▶ _DATASET EXTRACT_
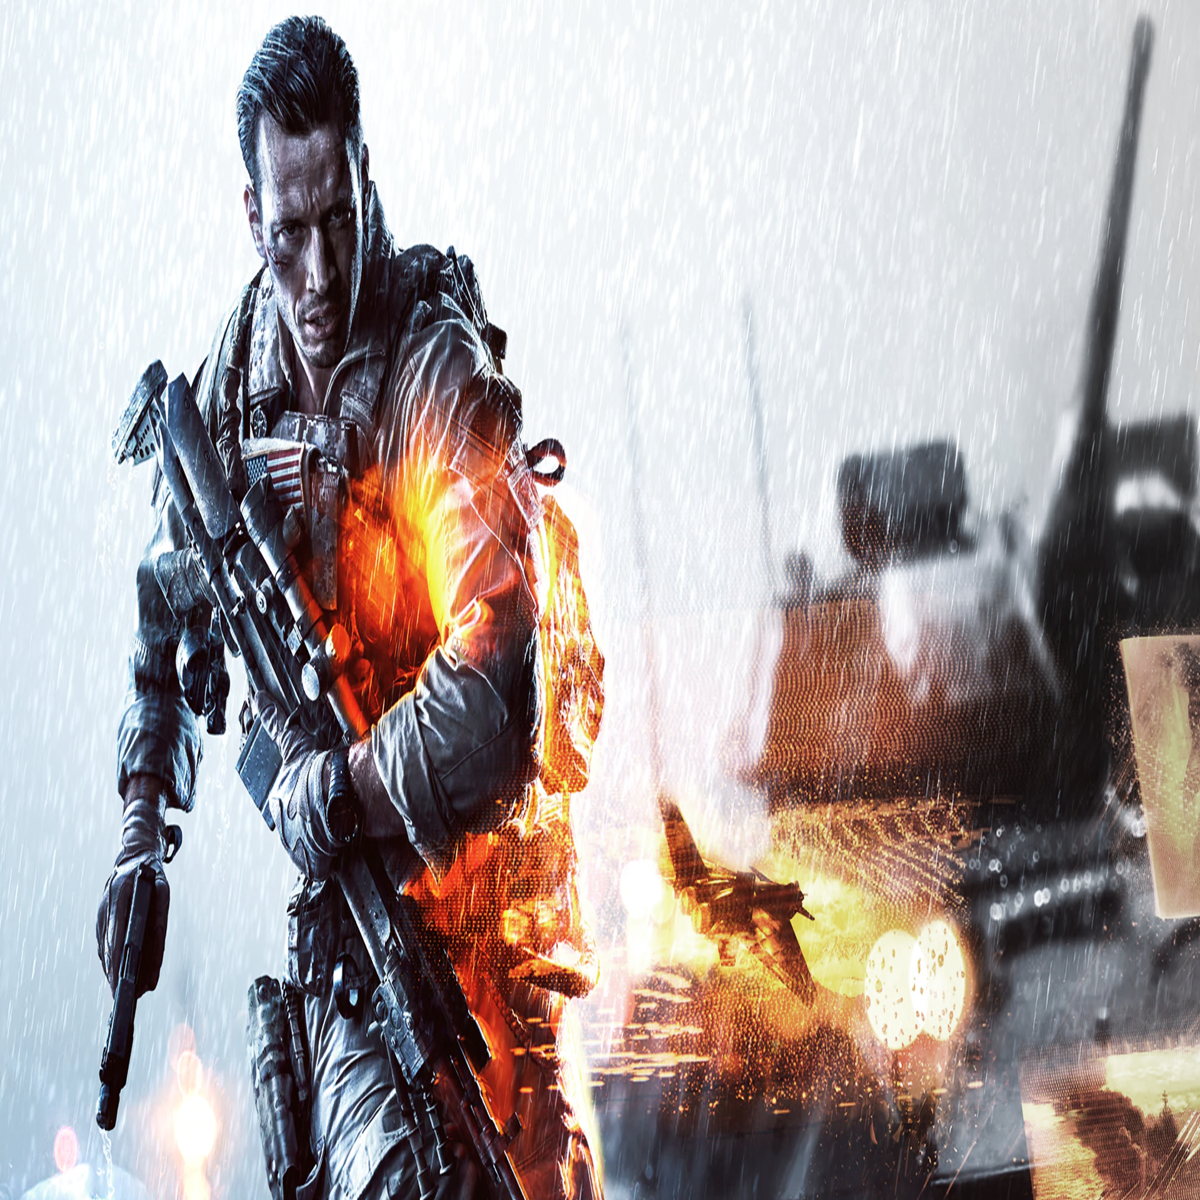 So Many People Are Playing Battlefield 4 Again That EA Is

==

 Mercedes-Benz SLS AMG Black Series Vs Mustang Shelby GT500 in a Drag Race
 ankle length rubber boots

▶ _PROBLEM STATEMENT_
Given the records above, restate word for word only the lines starting at the one with "Mercedes-Benz SLS AMG" and ending at the one with "ankle length rubber boots".

▶ _COMPLETED TASK_
 Mercedes-Benz SLS AMG Black Series Vs Mustang Shelby GT500 in a Drag Race
 ankle length rubber boots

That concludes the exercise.